→ Input data:

BEGIN

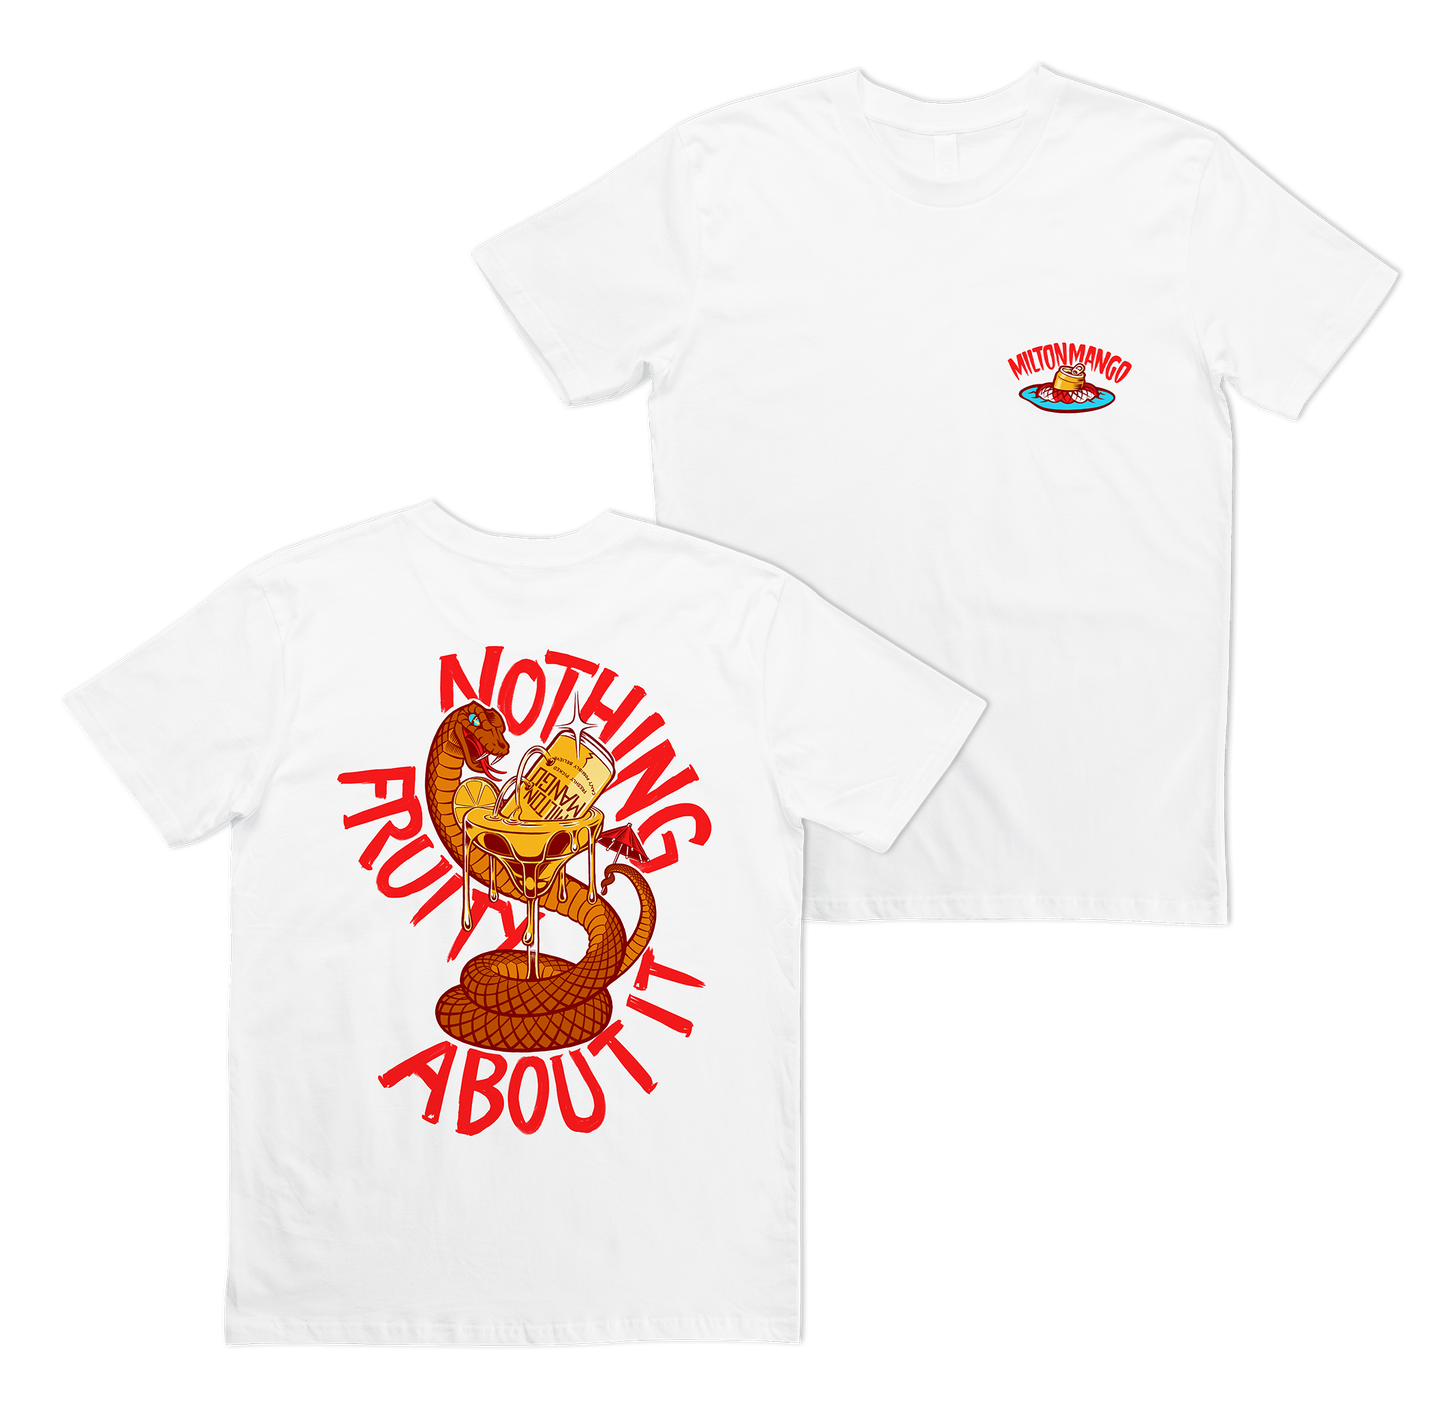 Nothin' Fruity About It Tee White
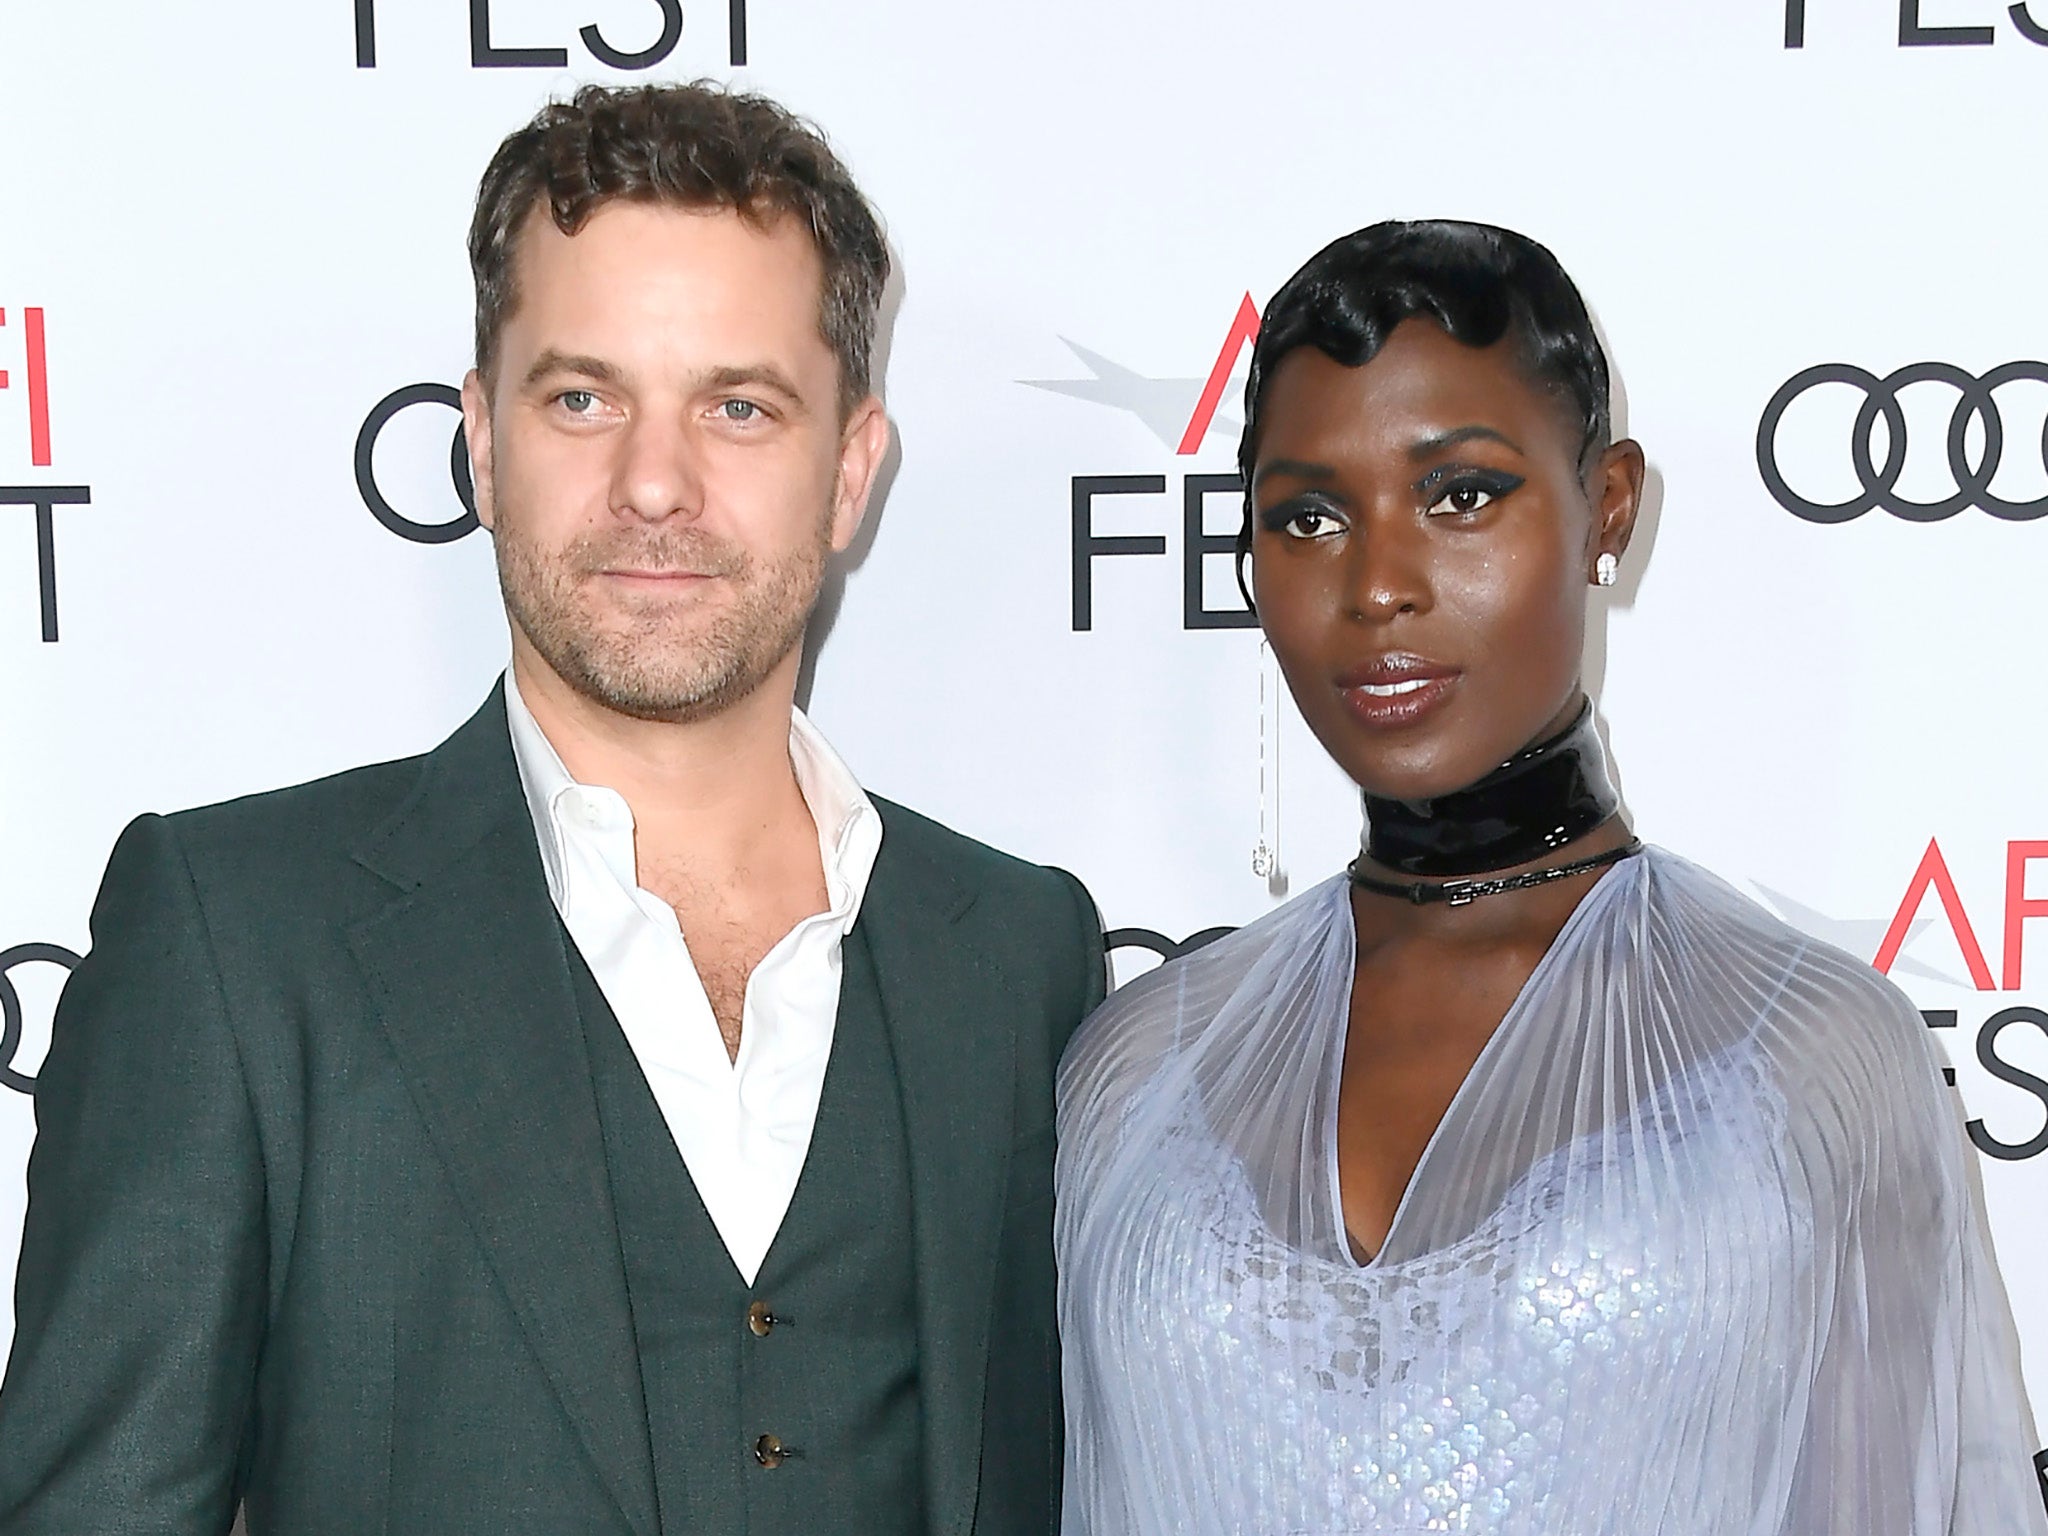 Power couple: Jackson and Jodie Turner-Smith at a film premiere in 2019
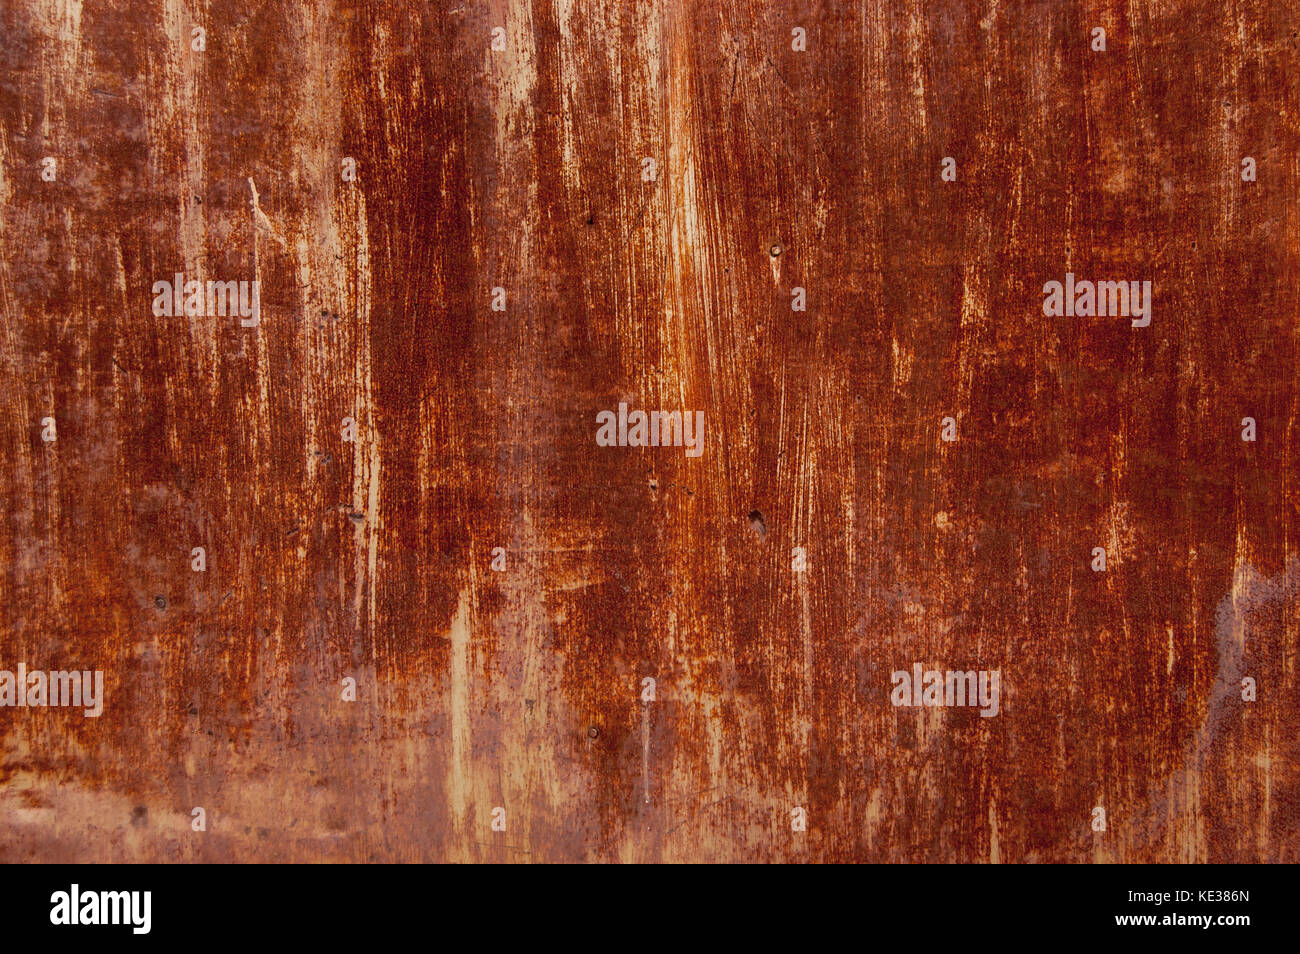 rusty grunge background with space for text or image Stock Photo

END

→ Task instructions:
When you return the listing, keep it exact and omit any pictures it holds.

→ Exercise output:
 Nothin' Fruity About It Tee White
 Power couple: Jackson and Jodie Turner-Smith at a film premiere in 2019
 rusty grunge background with space for text or image Stock Photo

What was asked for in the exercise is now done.